Screenwriters Hay and Manfredi asserted in an interview[7] that the film was re-cut by the studio prior to release. They said the original director's cut contains nearly 30 minutes of additional footage, which Chung acknowledged in his criticism.[6]

Music[edit]

Æon Flux - Original Motion Picture Soundtrack
Film score by Graeme Revell
Released
April 13, 2010
Genre Film score
Length 48 Minutes
Label Varèse Sarabande

Graeme Revell composed the score for Æon Flux; the soundtrack is available via Varèse Sarabande as advertised on the film's official website.[8]

Æon Flux - Original Motion Picture Soundtrack
No. Title Length
1. "Bregna 2415"   4:47
2. "The Panopticon"   2:33
3. "Una Flux"   1:13
4. "Torture Garden"   2:40
5. "Monican Mission"   1:14
6. ""Good Boys""   2:40
7. "The Kiss"   3:18
8. "The Relical And Keeper"   4:22
9. "Cloning Discovery"   5:15
10. "Grenade!/Monorail Chase"   3:49
11. ""I Remember""   1:38
12. "The Cherry Orchard"   3:51
13. "Oren Goodchild Dies"   3:42
14. "Destroying The Memories"   4:04
15. "Æon Flux"   3:34

Comic book prequel[edit]

In late 2005, Dark Horse Comics published a four-issue comic book limited series tying in with the movie. The storyline serves as a prequel to the film and is a mixture of Chung's original TV series designs and characters, combined with the setting and story elements of the film; the comic book version of Æon loosely resembles Theron, while her colleague Sithandra, played by a black actress in the film, is depicted as white in the comic book.
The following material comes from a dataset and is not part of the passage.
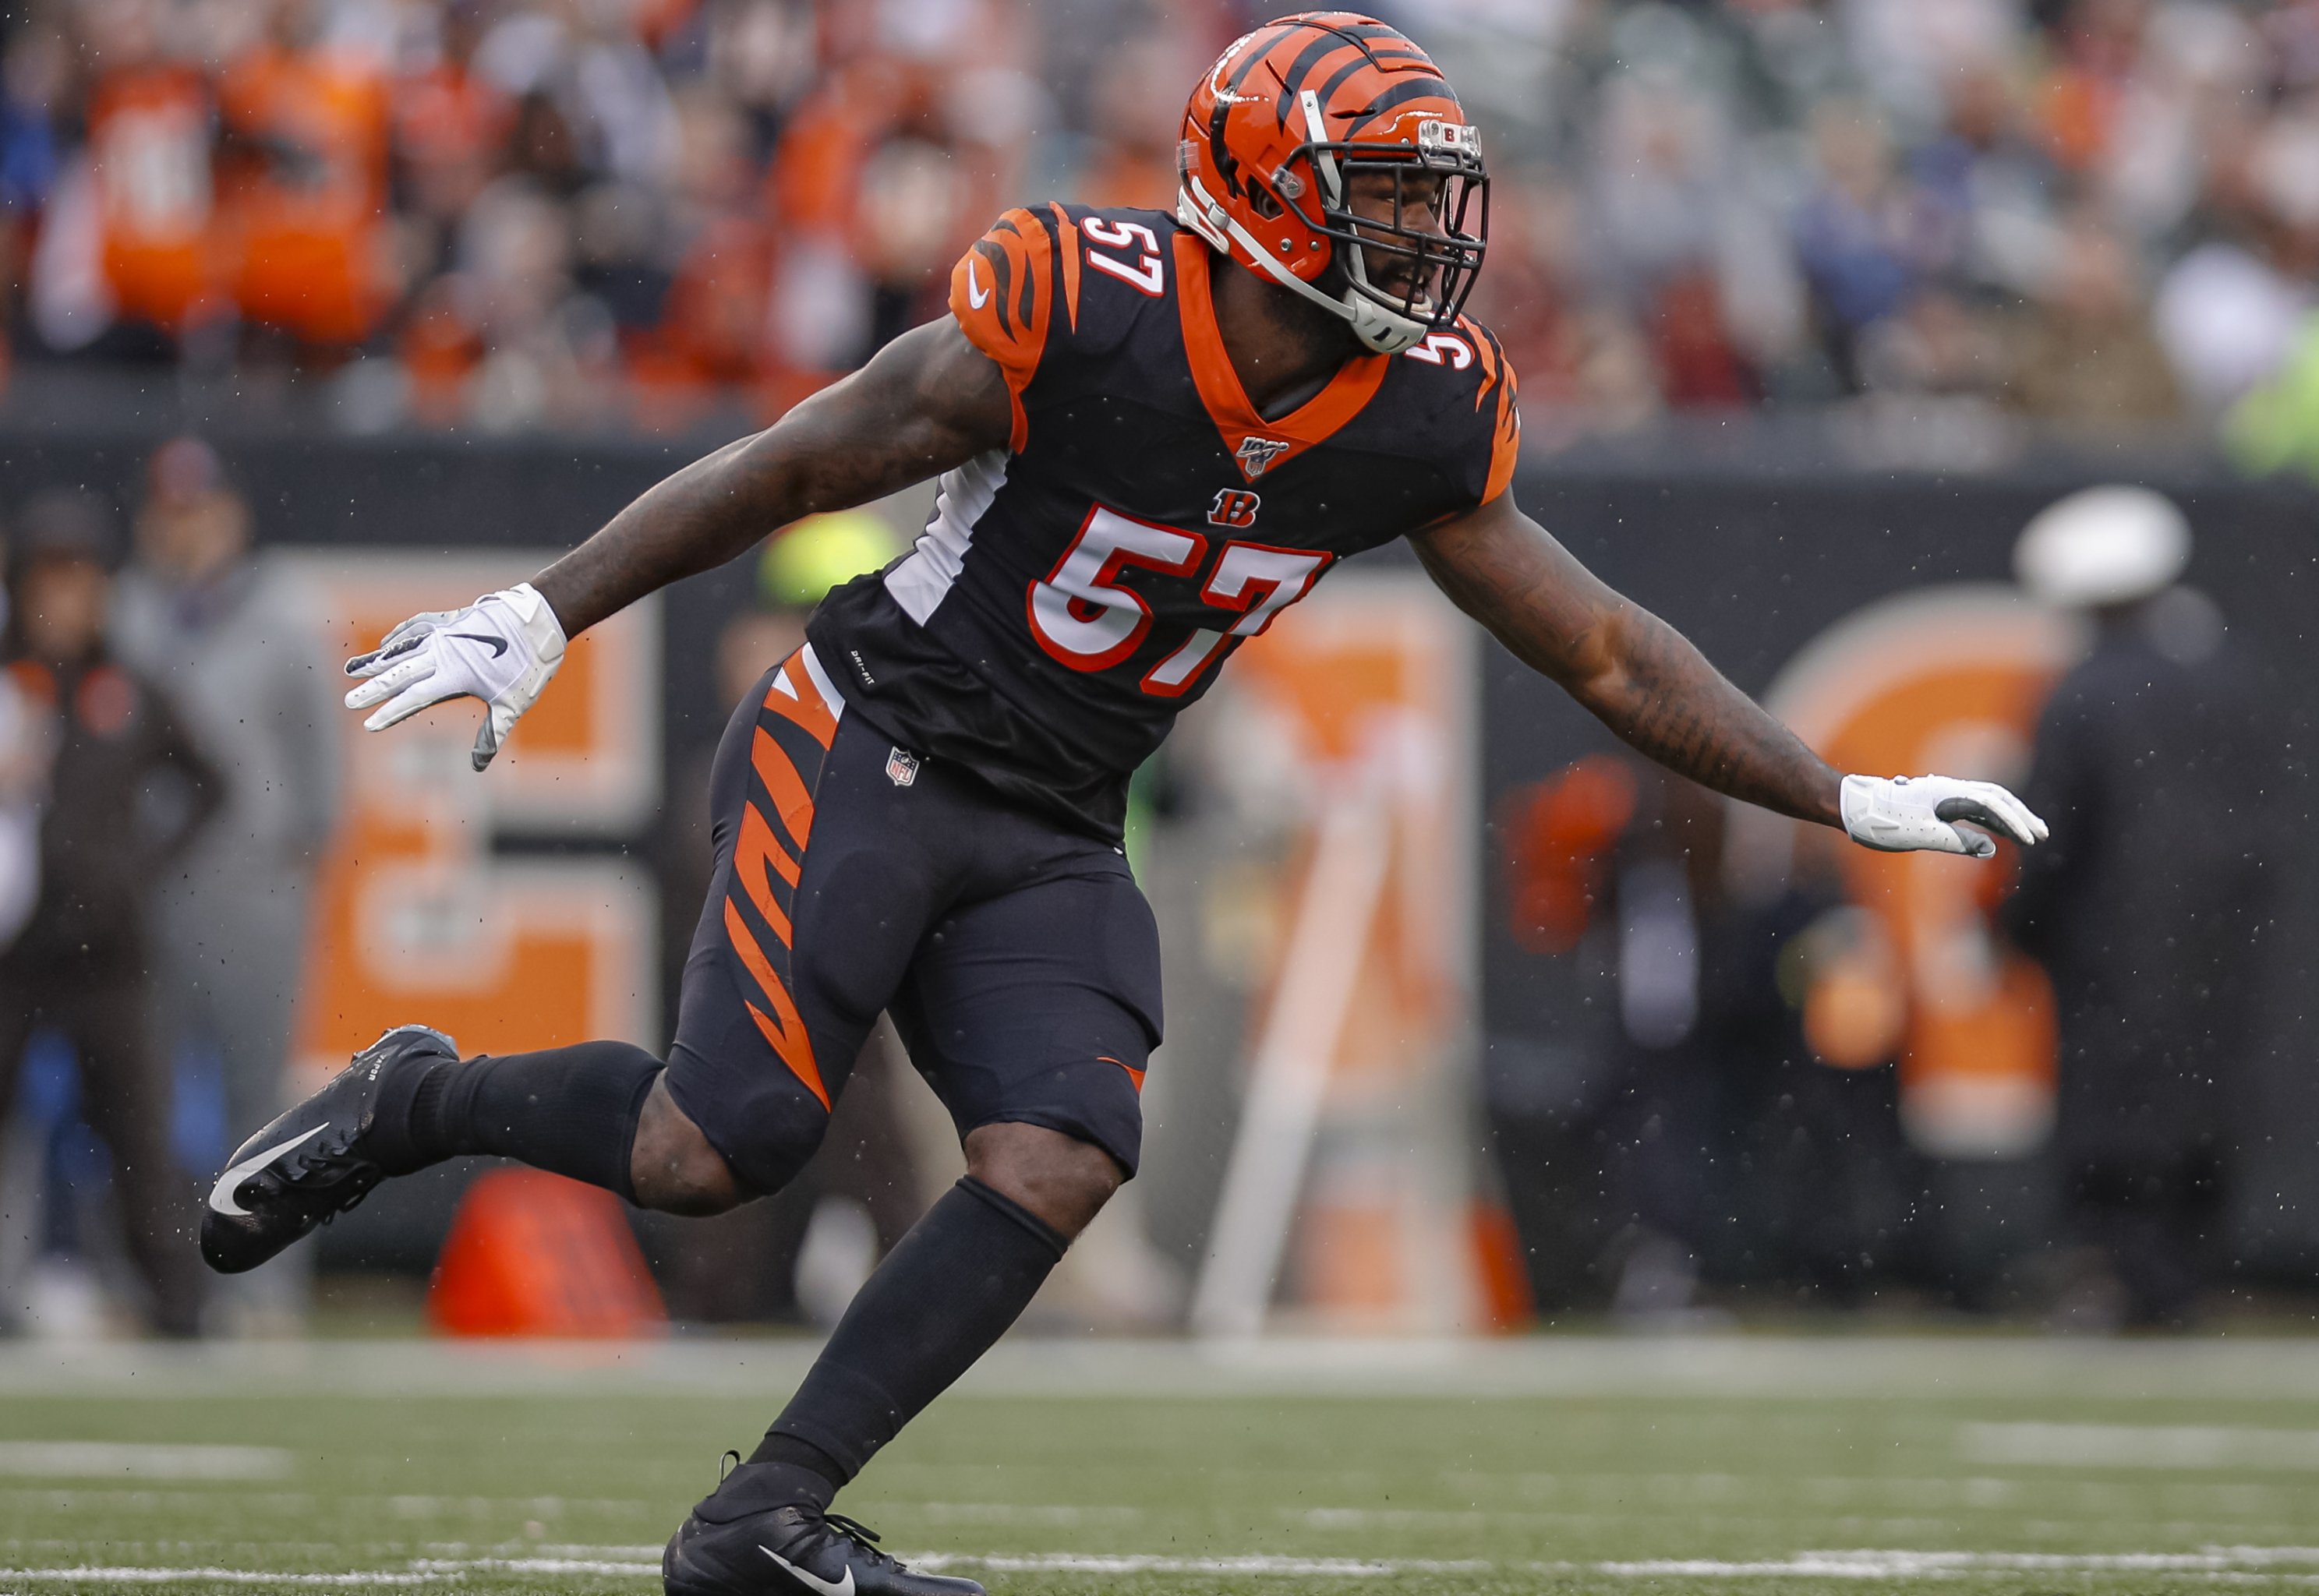 Murphy earns an A grade from the Athletic : r/bengals

The first issue sets up Flux's mission for the miniseries: sabotage the Bregnan government's plan to destroy the forest outside of Bregna's walls. The last two issues of the limited series were published after the film had been released. By the time the final issue was published, the film had already ended its run in most areas. Dark Horse has not announced if additional Æon Flux-based comics will be published.

Video game[edit]

On November 15, 2005, a video game tie-in prequel of the same name was released in North America for the PlayStation 2 and Xbox gaming consoles. The game takes place in eras before the film's setting of 2030 to 2338. The likenesses and voices of actors from the film were used. To help add to the box office gross of the film and to sell more games, specially marked copies sold in the US came with a pass to see the Æon Flux film.[9]

Home media[edit]

Æon Flux was released on DVD on April 25, 2006. As of July 16, 2006, the DVD has grossed $31.80 million in rental sales.[10]

References[edit]

  1. ^ Æon Flux DVD, The Locations of 'Æon Flux' featurette.
  2. ^ "Box Office Mojo - Theatrical information.". Retrieved July 9, 2008. 
  3. ^ Æon Flux reviews Rotten Tomatoes
  4. ^ Æon Flux reviews Metacritic
  5. ^ Gale Anne Hurd's DVD commentary at 1:06:49
  6. ^ a b c "Peter Chung Interview", LiveJournal]
  7. ^ "Interview with Phil Hay and Matt Manfredi - DVDFile.com". Web.archive.org. 2006-05-05. Retrieved 2014-05-06. 
  8. ^ "Paramount Pictures". Aeonflux.com. 2014-03-19. Retrieved 2014-05-06. 
  9. ^ Æon Flux game manual
  10. ^ "Box Office Mojo - DVD and home video sales.". Retrieved June 28, 2006.